SABC employees have been caught in the act, as the auditor-general released its investigation report yesterday.
About 1 465 employees were found to be moonlighting; this was spotted by the auditor-general's use of computer assisted auditing techniques, the database of Companies and Intellectual Property Registration Office, and the SAP system.
Yesterday, government's financial watchdog, the auditor-general, released to Parliament the report of its investigations into the state-owned public broadcaster. The SABC has been embroiled in various allegations of impropriety, failure to meet governance standards and corruption, which has caused the organisation to make a loss of R784 million for the 2008/9 financial year.
According to the auditor-general, information from the various systems, and crosschecked with each other, showed 1 465 SABC employees were identified with interests in companies and/or close corporations (CCs), in contravention of the broadcaster's policies.
The report says the names of companies and CCs identified were compared with payments made on the SAP system, for the period 1 September 2007 to July 2009.
This showed that 20 employees had been identified as being directors and/or members of 20 companies or CCs that received monies. This amounted to R3.378 million. This, the report states, is in direct contravention with the corporations own supplier management policy that it quotes extensively.
Among those CCs identified as having interests in companies that received payment from the SABC, was one where the corporation's head of strategy and risk management, Sipho Sithole, has an interest. Sithole, in one of the earlier Parliamentary hearings, said: “If an investigation is to start, it should start with me.”

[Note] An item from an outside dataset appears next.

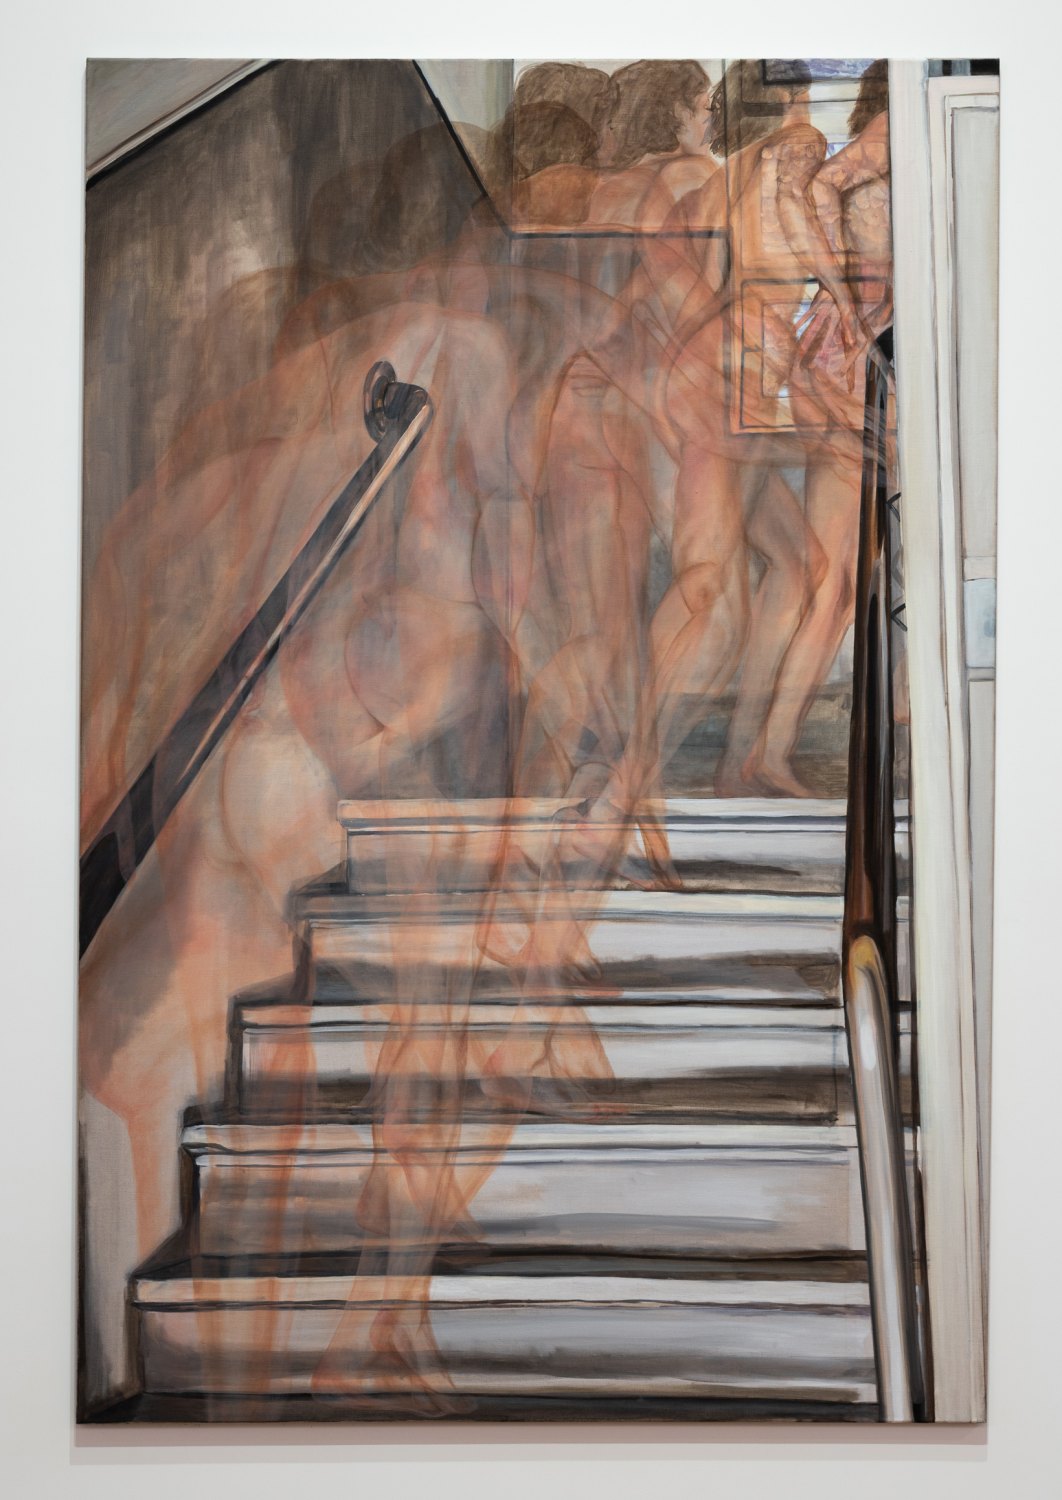 Jana Euler Nude Climbing Up the Stairs, 2014 Oil on canvas, 180 x 120 cm

Sithole claims he had disclosed his interests to the previous SABC board, but no record of this could be found on the databases used by the auditor-general. However, the investigation did show Sithole was a member of the CC in question, which had received R32 750 from the public broadcaster.
SABC CFO Robin Nicholson said, at a Parliamentary hearing earlier this year, the SAP ERP system was one of the most successful IT projects ever implemented at the corporation.
“For the first time ever, we have a system that gives us a holistic view of our payment and management systems,” he told Parliament's Communications Committee, in March.
According to the SABC's 2007/8 annual report, it had spent a total of R108 million on its IT systems, which included the SAP implementation.
The SAP system consists of seven modules: finance, human resources, procurement, sale to cash, business warehouse (a reporting module), procurement, and intellectual property management. Implementation started two years ago and the last module was installed in July.